Estimating Committor Functions via Deep Adaptive Sampling on Rare Transition Paths

Release Time:2025-04-17Number of visits:98

Speaker:  Kejun Tang, Great Bay University.

Time:        14:00 pm, Apr.18th.

Location: SIST 1C-101

Host:        Qifeng Liao

Abstract:

The committor functions are central to investigating rare but important events in molecular simulations. It is known that computing the committor function suffers from the curse of dimensionality. Recently, using neural networks to estimate the committor function has gained attention due to its potential for high-dimensional problems. Training neural networks to approximate the committor function needs to sample transition data from straightforward simulations of rare events, which is very inefficient. The scarcity of transition data makes it challenging to approximate the committor function. To address this problem, we propose an efficient framework to generate data points in the transition state region that helps train neural networks to approximate the committor function. We design a Deep Adaptive Sampling method for TRansition paths (DASTR), where deep generative models are employed to generate samples to capture the information of transitions effectively. In particular, we treat a non-negative function in the integrand of the loss functional as an unnormalized probability density function and approximate it with the deep generative model. The new samples from the deep generative model are located in the transition state region and fewer samples are located in the other region. This distribution provides effective samples for approximating the committor function and significantly improves the accuracy. We demonstrate the effectiveness of the proposed method through both simulations and realistic examples.

Bio:

Kejun Tang, Assistant Professor of the School of Sciences at Great Bay University, obtained his PhD from the School of Information Science and Technology at ShanghaiTech University.

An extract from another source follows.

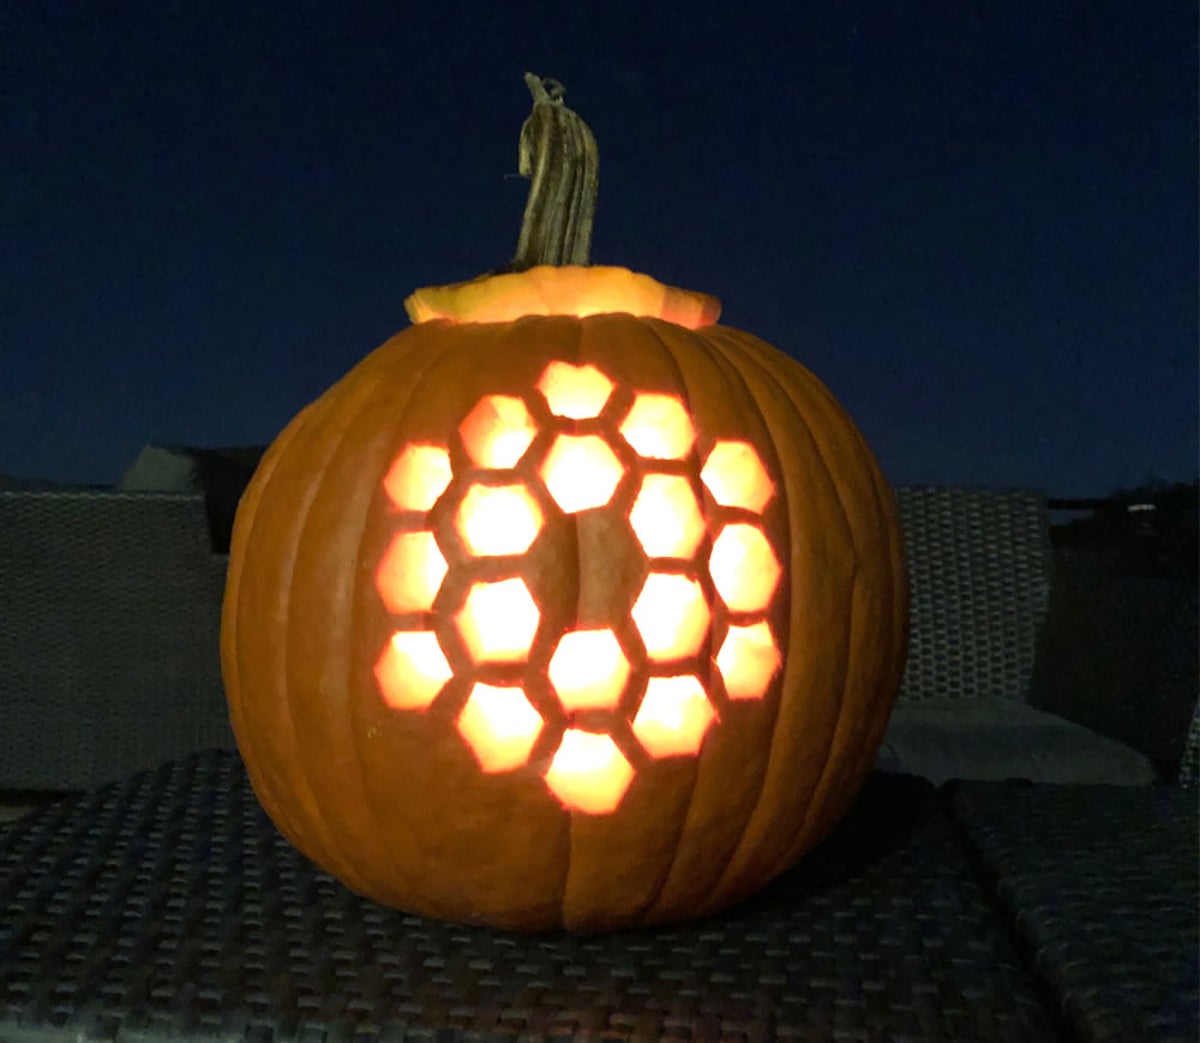 James Webb Space Telescope pumpkin stencils can add cosmic mystery to Halloween

He worked at Pengcheng National Laboratory, PKU-Changsha Institute for Computing and Digital Economy, and Shenzhen University of Advanced Technology.His main research interests are the intersection of scientific computing and machine learning, focusing on tensor computing, deep generative models, uncertainty quantification, and the intersection of differential equations and neural networks. The main results of his research are published in Journal of Computational Physics (JCP), SIAM Journal on Scientific Computing (SISC), Journal of Scientific Computing (JSC) and ICLR. He has also served as a reviewer for multiple journals and conferences, including Journal of Computational Physics, SIAM Journal on Scientific Computing, Journal of Scientific Computing and ICLR.